Nylton Gomes Batista
Em nosso vasto universo, tudo tem seu momento e sua oportunidade. Não existe absolutamente nada que seja completamente inútil sob o sol ou em qualquer lugar. O que hoje parece destituído de significado pode, no futuro, adquirir relevância. Da mesma forma, o que está em alta agora pode, amanhã, cair em desuso. Essas reflexões me ocorrem quando observo a efêmera jabuticaba emergir da obscuridade para desempenhar um papel motivador em festas, mesmo que sua própria participação seja discreta. A jabuticaba sempre foi um símbolo de Cachoeira do Campo, cujos quintais se destacam pelas copas arredondadas das centenárias jabuticabeiras. As doces “pretinhas” sempre foram apreciadas, e antes mesmo de Cachoeira do Campo despertar para o desenvolvimento atual, elas eram motivo para visitas daqueles que partiram em busca de algo mais, algo que sua terra natal não podia oferecer. Além disso, a jabuticaba era uma curiosidade e extravagância da natureza, sem despertar interesse econômico significativo. Nas noites quentes, grupos se formavam para colher jabuticabas em quintais alheios, onde pareciam ainda mais saborosas do que as colhidas em nossos próprios terrenos. Ao retornarmos para casa, descobríamos que outros também haviam feito o mesmo em nosso quintal. No entanto, não havia cestas ou sacolas cheias. Cada um consumia diretamente da árvore o que conseguia, e no máximo, algumas jabuticabas eram guardadas nos bolsos como lembrança. Não havia depredação nem danos aos proprietários, e muito menos insultos ou agressões quando os “visitantes” eram pegos em flagrante. O comércio da fruta limitava-se à “venda temporária” das próprias árvores de jabuticaba, onde o comprador podia colher toda ou quase toda a produção de uma determinada árvore, facilitando a limpeza do quintal.

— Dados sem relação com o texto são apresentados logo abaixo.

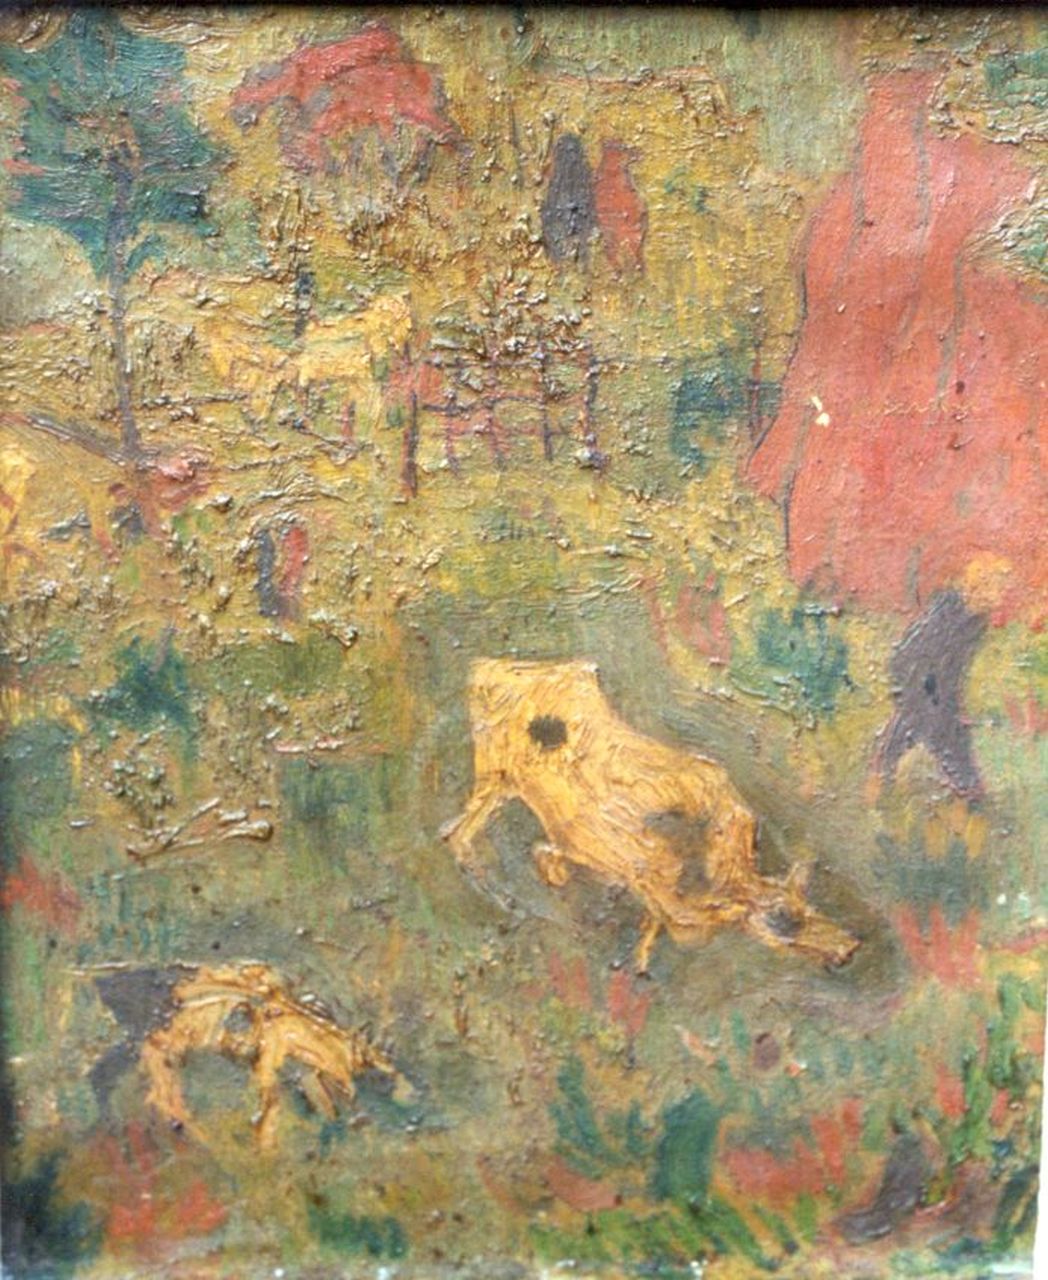 Harrie Pardoel | A landscape with cows, Öl auf Leinwand, 30,2 x 24,0 cm, signed u.r.

Hoje, porém, a cena mudou. A jabuticaba é disputada a tapas por jovens e adultos que invadem quintais, desafiando os donos com insultos e ameaças. O que conseguem furtar é vendido por até dois reais o litro, sem medir. A peculiaridade da jabuticabeira a torna uma extravagância da natureza. Entre o nascimento da muda e a produção das primeiras frutas, passam-se pelo menos dez anos. Sua aparência robusta e longevidade sugerem frutos resistentes e duráveis, mas a delicadeza está presente desde as minúsculas flores amarelas que envolvem o tronco e os galhos até as extremidades. Ao contrário de outras frutas que exigem sol, a jabuticaba dispensa essa condição e é mais saborosa quando amadurece com chuvas abundantes. Da floração à maturação completa, são apenas quarenta dias, e em até sete dias, as frutas azedam e caem. Depois de colhida, a jabuticaba não dura mais de vinte e quatro horas sem azedar. Em menos de cinquenta dos trezentos e sessenta e quatro dias do ano, a jabuticabeira oferece a beleza da floração, o desenvolvimento das continhas verdes e a conversão delas em frágeis e negros receptáculos do néctar tão apreciado, fechando o ciclo com o prazer de saborear a fruta. Tudo acontece rapidamente, mas sua importância permanece inalterada.
Observando uma jabuticabeira com atenção e considerando o que ela proporciona, percebemos que, em alguns aspectos, a vida humana a ela se assemelha. Assim como a jabuticabeira, nossa existência é marcada por momentos delicados, rápidos e significativos, que não podem ser subestimados. Uma vida pode se estender por oitenta, noventa anos ou mais, plena de realizações marcantes, porém a mais importante e crucial, talvez, não ocupe mais que breve momento e nem tenha visibilidade.
Com ligeiras alterações este texto é cópia de outro publicado em novembro de 1997, neste mesmo espaço, com a finalidade de marcar a atenção que, então, começava-se dar à fruta, mediante a Festa da Jabuticaba. Vinte e sete anos depois, surgem sinais de que daquela iniciativa podem resultar ações concretas e duradouras com vistas à preservação das jabuticabeiras, sem as quais não há jabuticaba e nem a sua festa. O Projeto Pérola Negra, anunciado pelo Conselho de Desenvolvimento Econômico e Sustentável de Ouro Preto – CONDES, pode ser o início de algo, que se imagina há muito tempo, em proveito da comunidade, a partir de mais atenção e exploração em torno da tradição e do cultivo da jabuticabeira.